Work to complete
Leave out all pictures while you copy the lines exactly from the one with "Loloi - Catalog 2019 by Loloi - issuu" through the last line of the listing.

Supplied information
——————

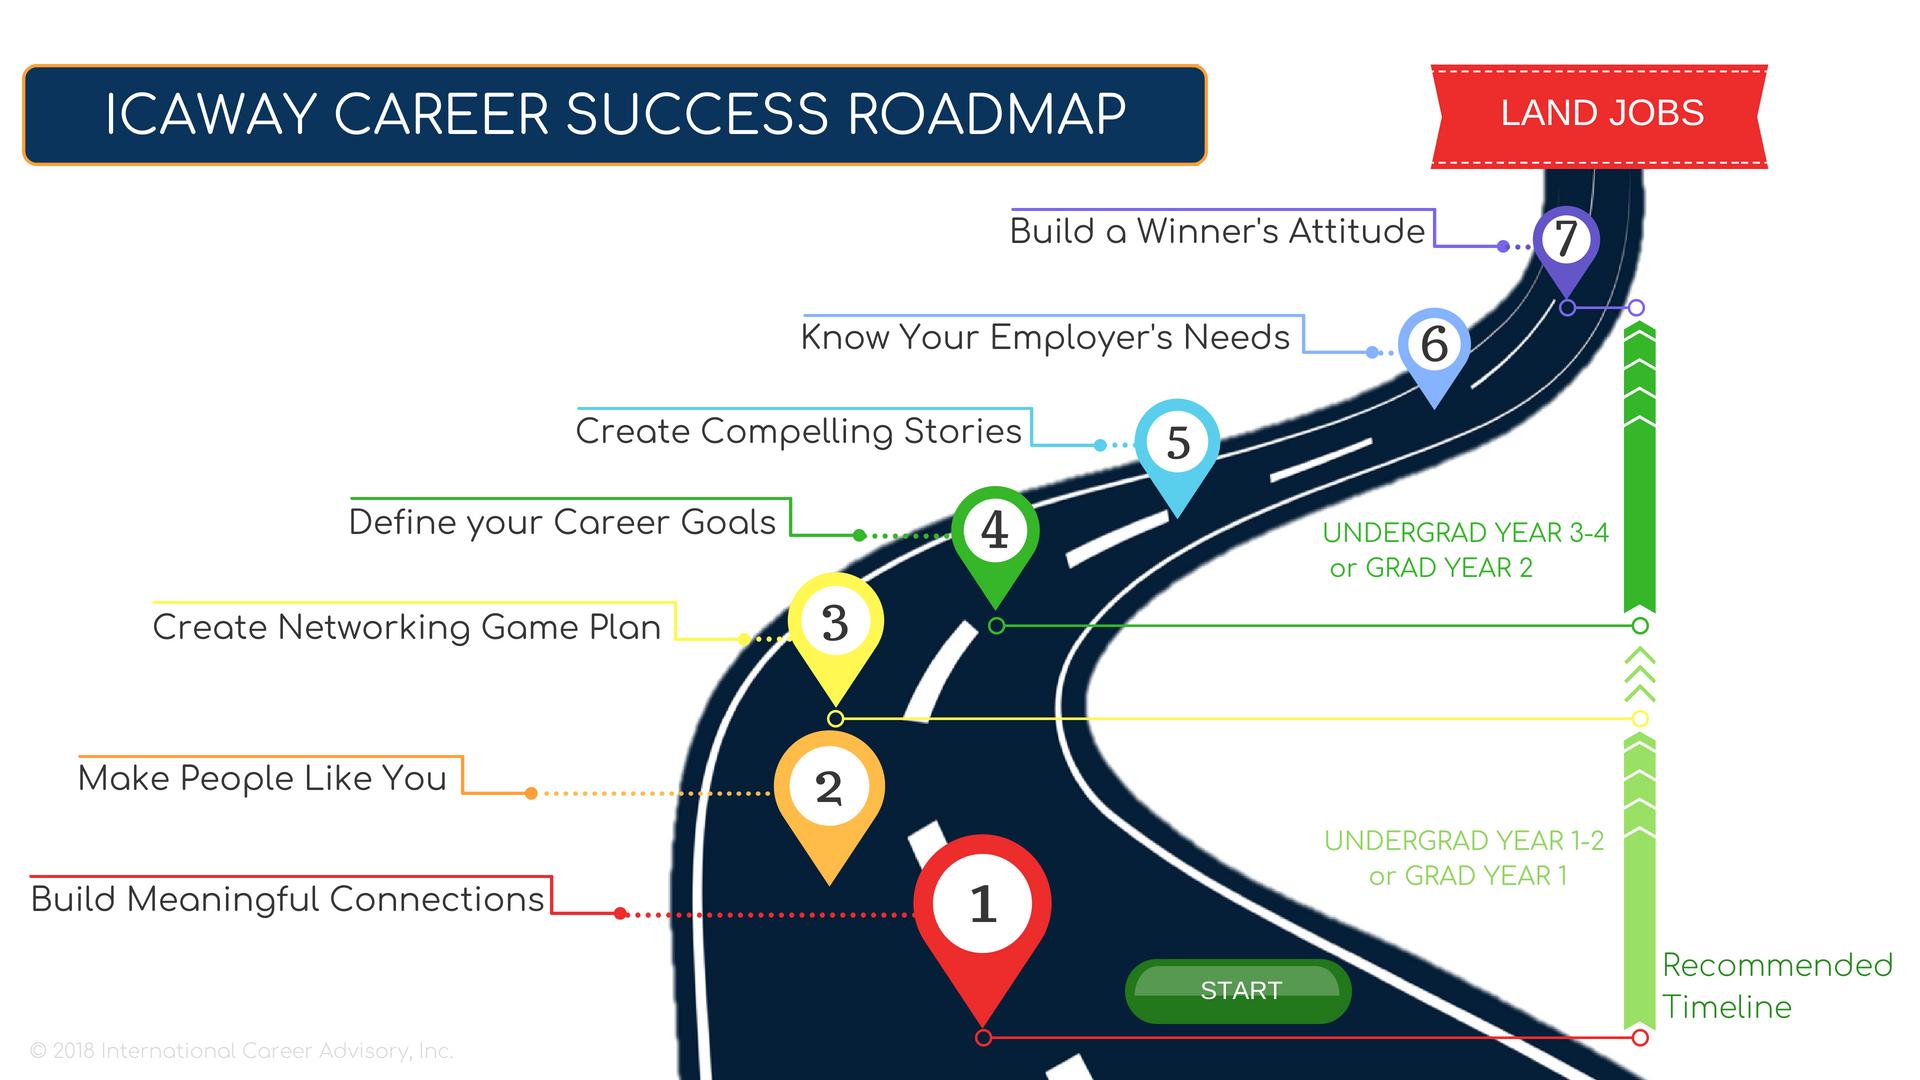 Icaway Career Success Roadmap
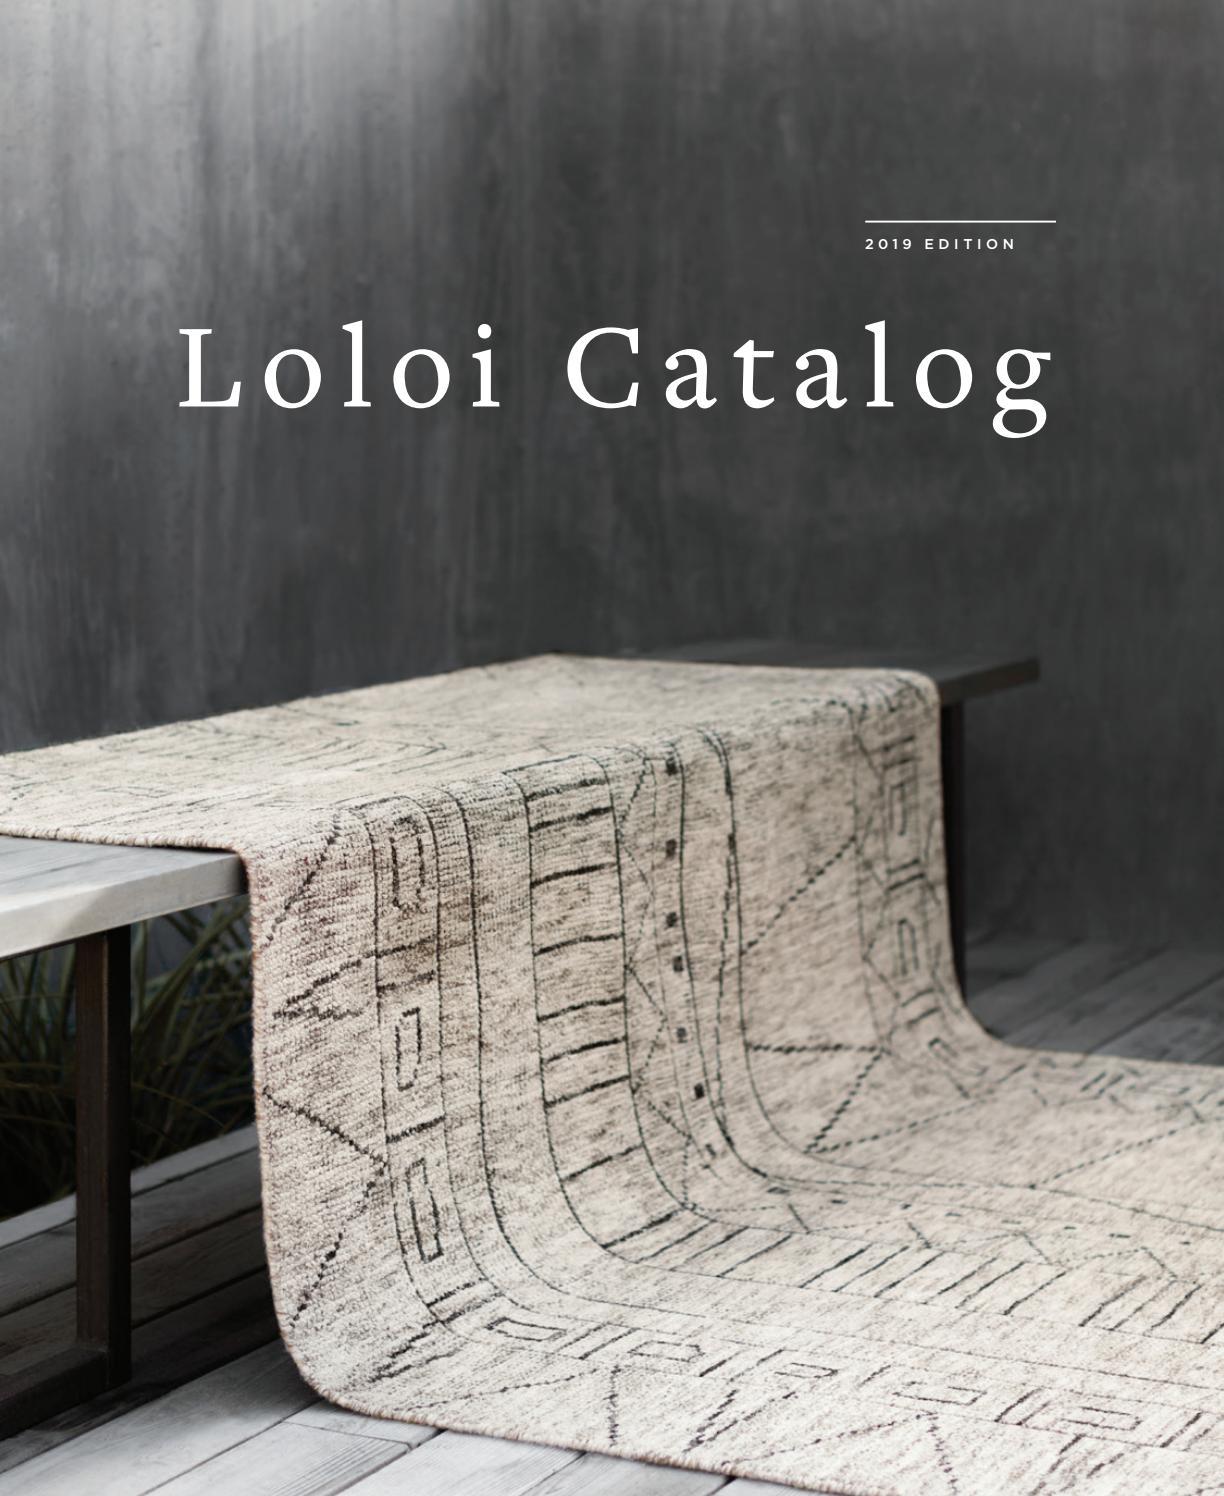 Loloi - Catalog 2019 by Loloi - issuu
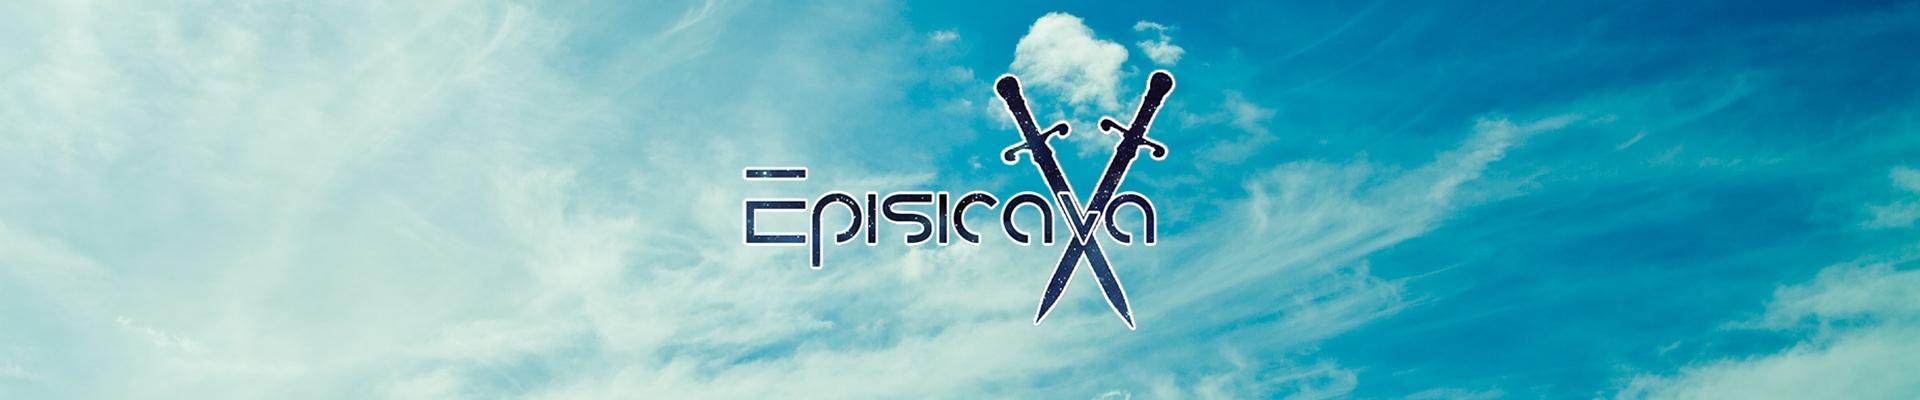 Episicava [Demo]
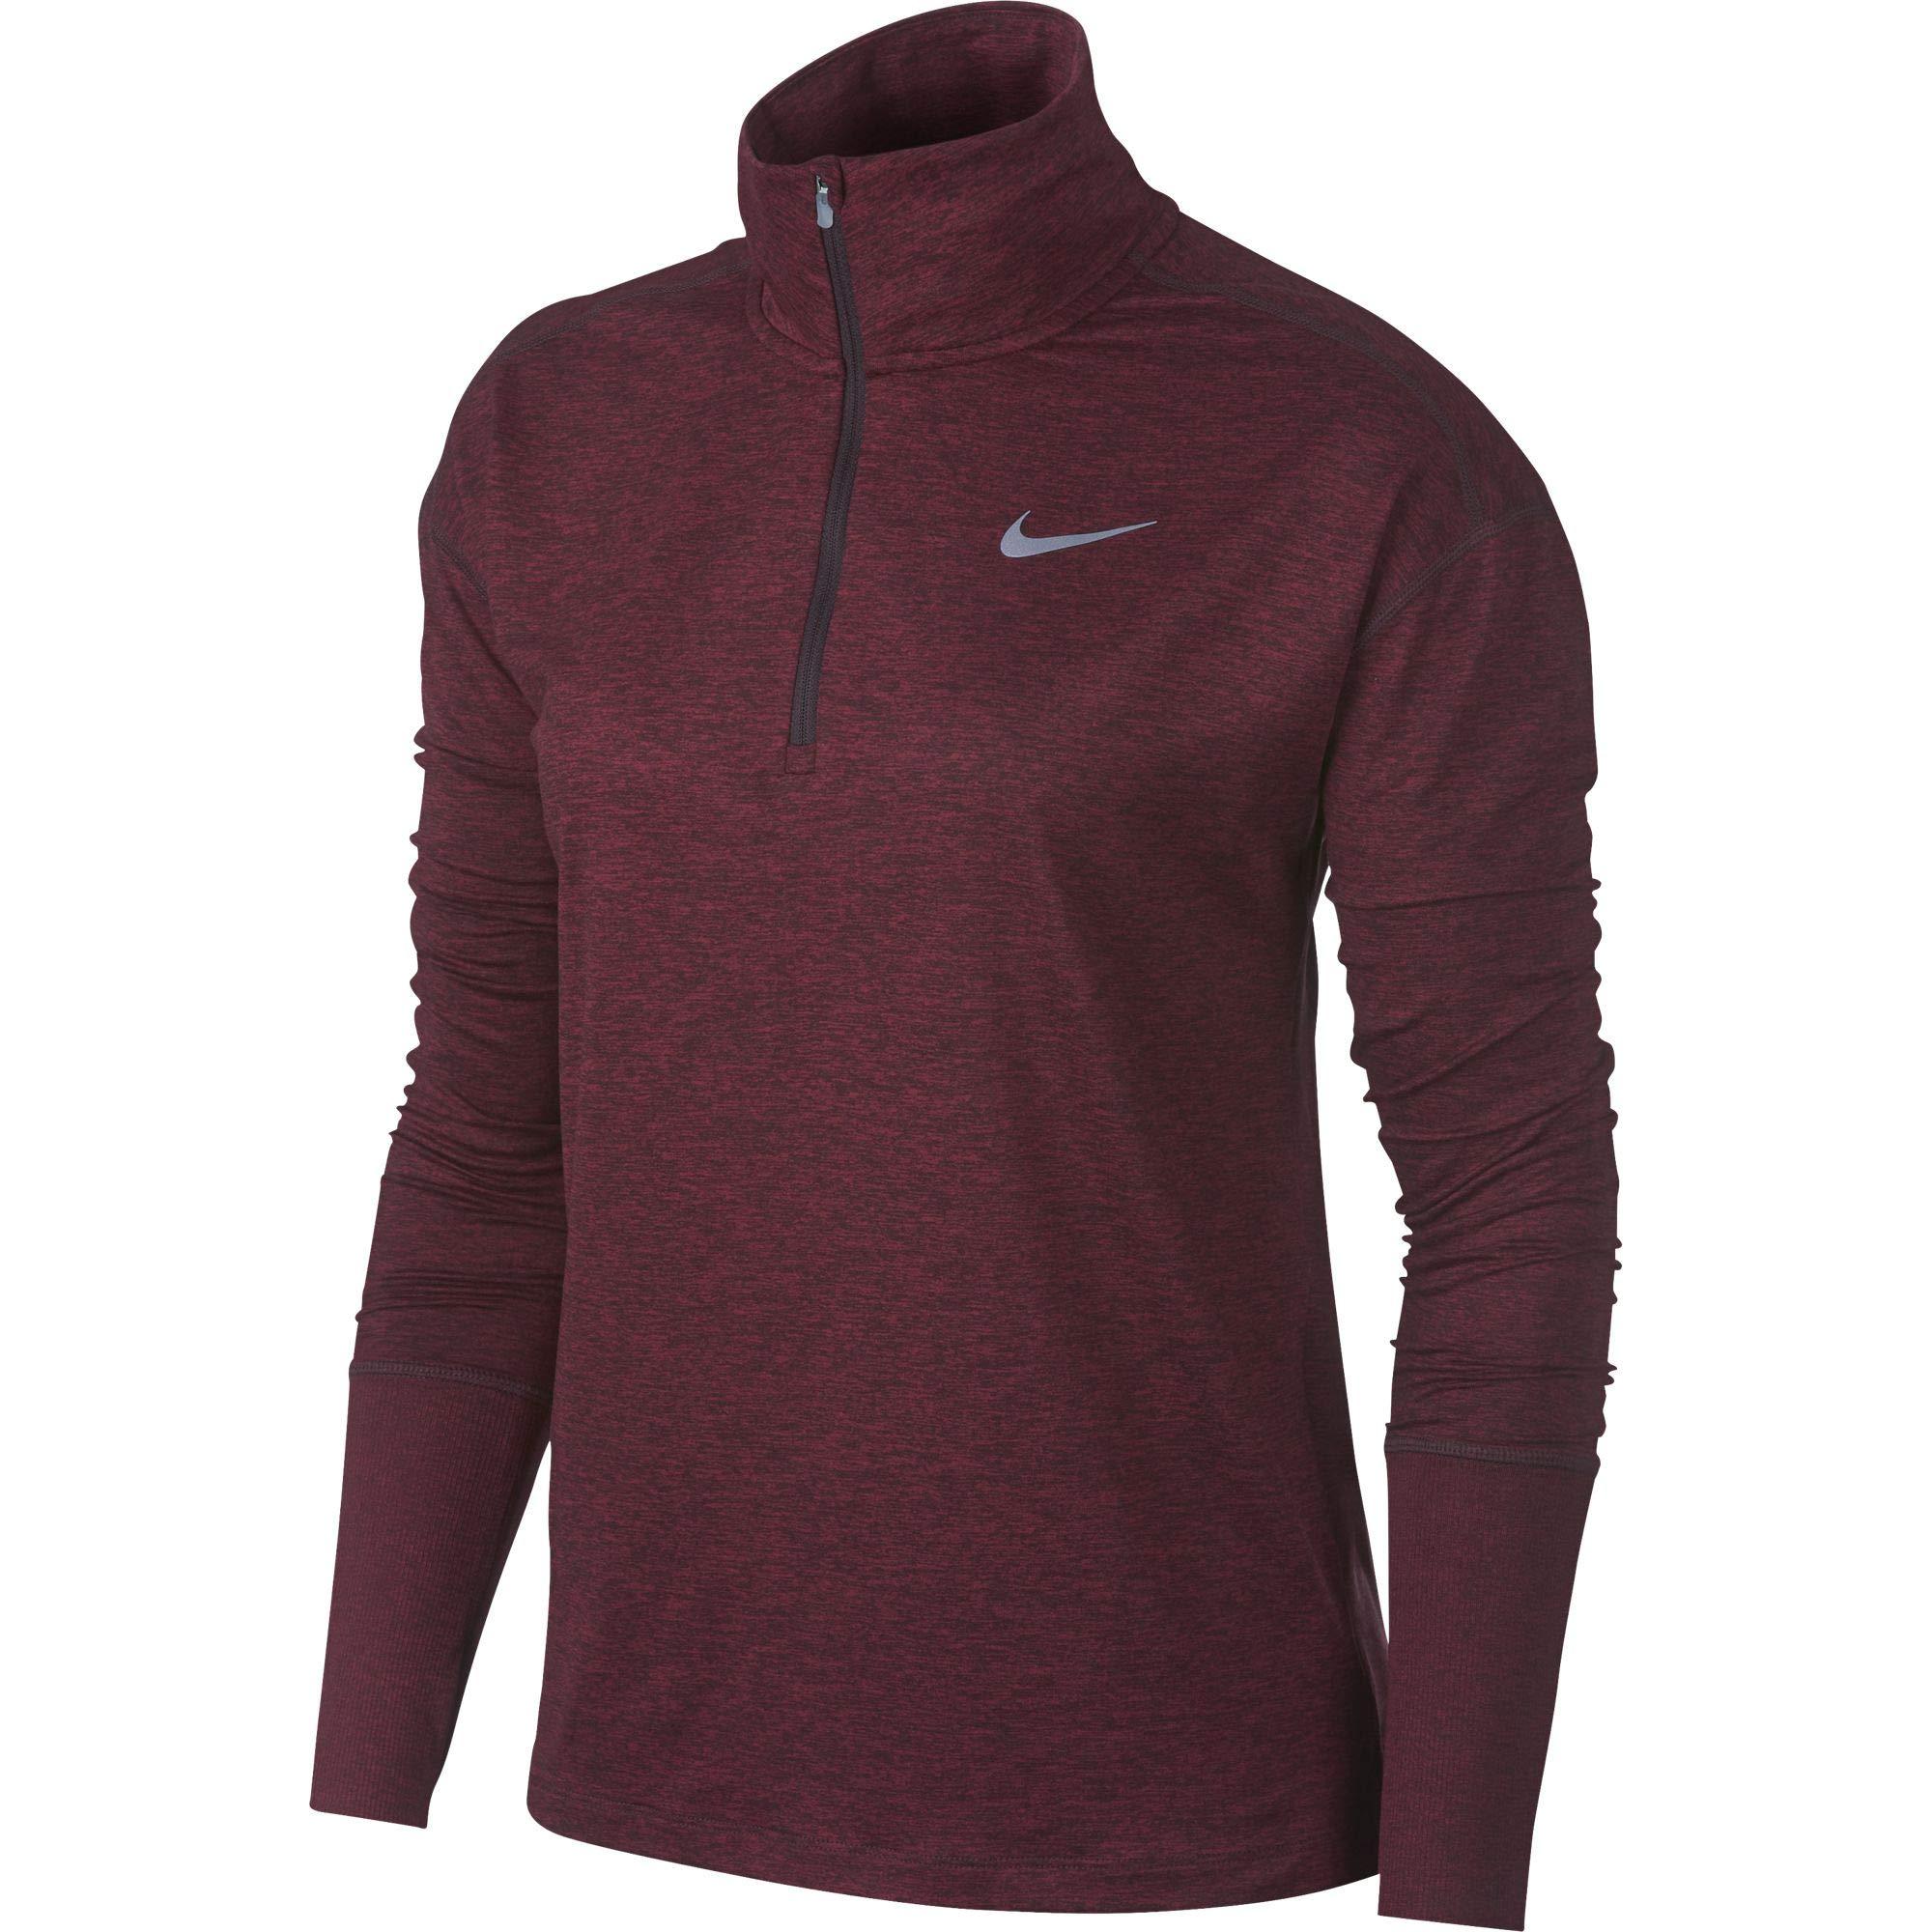 Nike Women's Element 1/2 Zip Running Top Burgundy Crush/Red Crush/Heather Size Small

——————

Solution for this task
 Loloi - Catalog 2019 by Loloi - issuu
 Episicava [Demo]
 Nike Women's Element 1/2 Zip Running Top Burgundy Crush/Red Crush/Heather Size Small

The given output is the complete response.